Why do we go gray?

Legend has it that Marie AntoinetteQueen consort of France, dawned the day of his execution in the guillotine with totally white hair. The same happened to Tomás Moro, political philosopher and English writer, before his execution in the Tower of London in 1535. Obviously this is something impossible. A person's hair cannot turn gray in a single night. However, the stress accumulated over months, knowing that you will be executed, as is the case, can cause hair loss (alopecia areata or syndrome Marie Antoinette). Usually the first ones to get lost are dark hair and this can give a false feeling that the hair has suddenly turned white.

Possible causes

The root cause is the loss of the function of cells called melanocytes They produce melanin. This substance, which acts as a pigment, is responsible for giving a dark tone to our hair, iris or skin when we sunbathe.

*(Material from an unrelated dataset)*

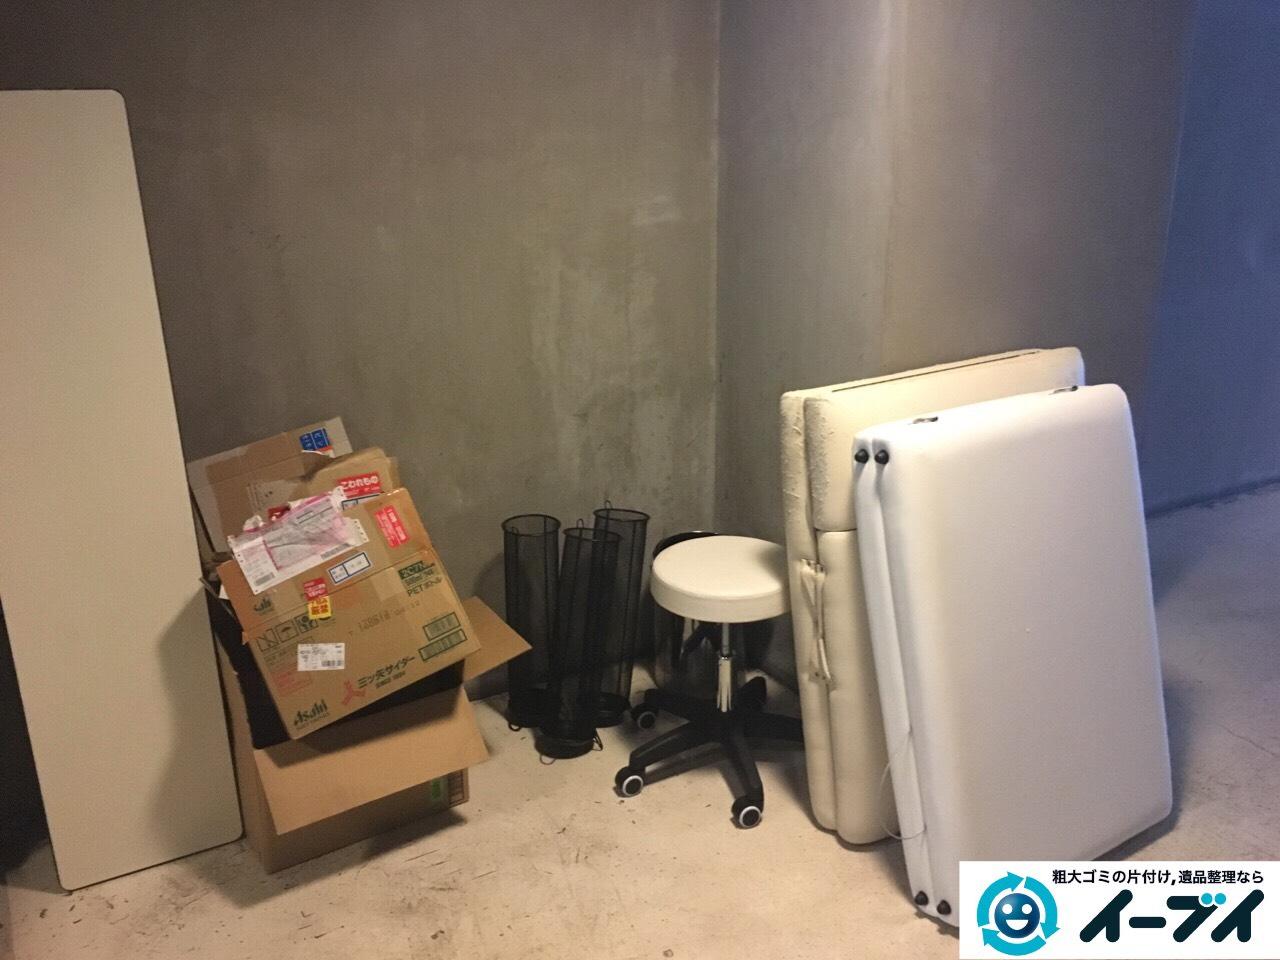 10月11日 大阪府大阪市北区でエステベットやホワイトボードや段ボールゴミの粗大ゴミの不用品回収をしました。写真3

We have hundreds of thousands of hair follicles in our body, these contain keratinocytes, which produce keratin, a substance from which our hair is made and that is dyed dark with melanin.

But when does the hair turn white? Under normal conditions this phenomenon is conditioned by our genetic inheritance. In the white race usually begins over 30 years, while in the black it does it over fifty. The darker the skin, it seems that graying arises later. There are people, like the actor Richard Gere, to those that appear early, over 20 years of age. They say that he even had to dye his chestnut hair during his first roles.

There are also congenital diseases such as albinism, in which there is a reduction or absence of melanin pigment. This disorder not only occurs in humans, also in animals. Remember Snowflake, the albino gorilla of the Barcelona zoo. There is another disease that is known as Vitiligo in which the pigmentation deficit is localized and white spots (without color) occur on the skin or scalp. White hair has also been linked to smoking and other diseases such as hypothyroidism or malnutrition. And who has not heard the famous phrase: "do not tear a cane that comes out more"? This is something totally false, if you tear off a cane, the same hair will come out of the hair follicle again.

Nor is the relationship between stress and gray hair very clear. Although high levels of this can end up affecting the immune system and melanocytes. In any case it seems that it is more related to alopecia.

In recent times, the role of immunity is being investigated. It has been observed, by chance, that in some immunosuppressive treatments, used to treat cancer, hair whitening can be reversed. The role of hydrogen peroxide (hydrogen peroxide) produced in our capillaries is also analyzed, and how some antioxidant substances or foods could slow the phenomenon. You just have to see a president like José Luis Rodríguez Zapatero, Pedro Sanchez or Barack Obama to realize that some role plays stress, at least that of the legislatures.

At the moment there is nothing we can do to delay or slow down the appearance of gray hair. If you decide not to dye your hair, you can do as Christine Lagarde, president of European Central Bank, George Clooney or Brad Pitt and show off maturity and become an icon of elegance.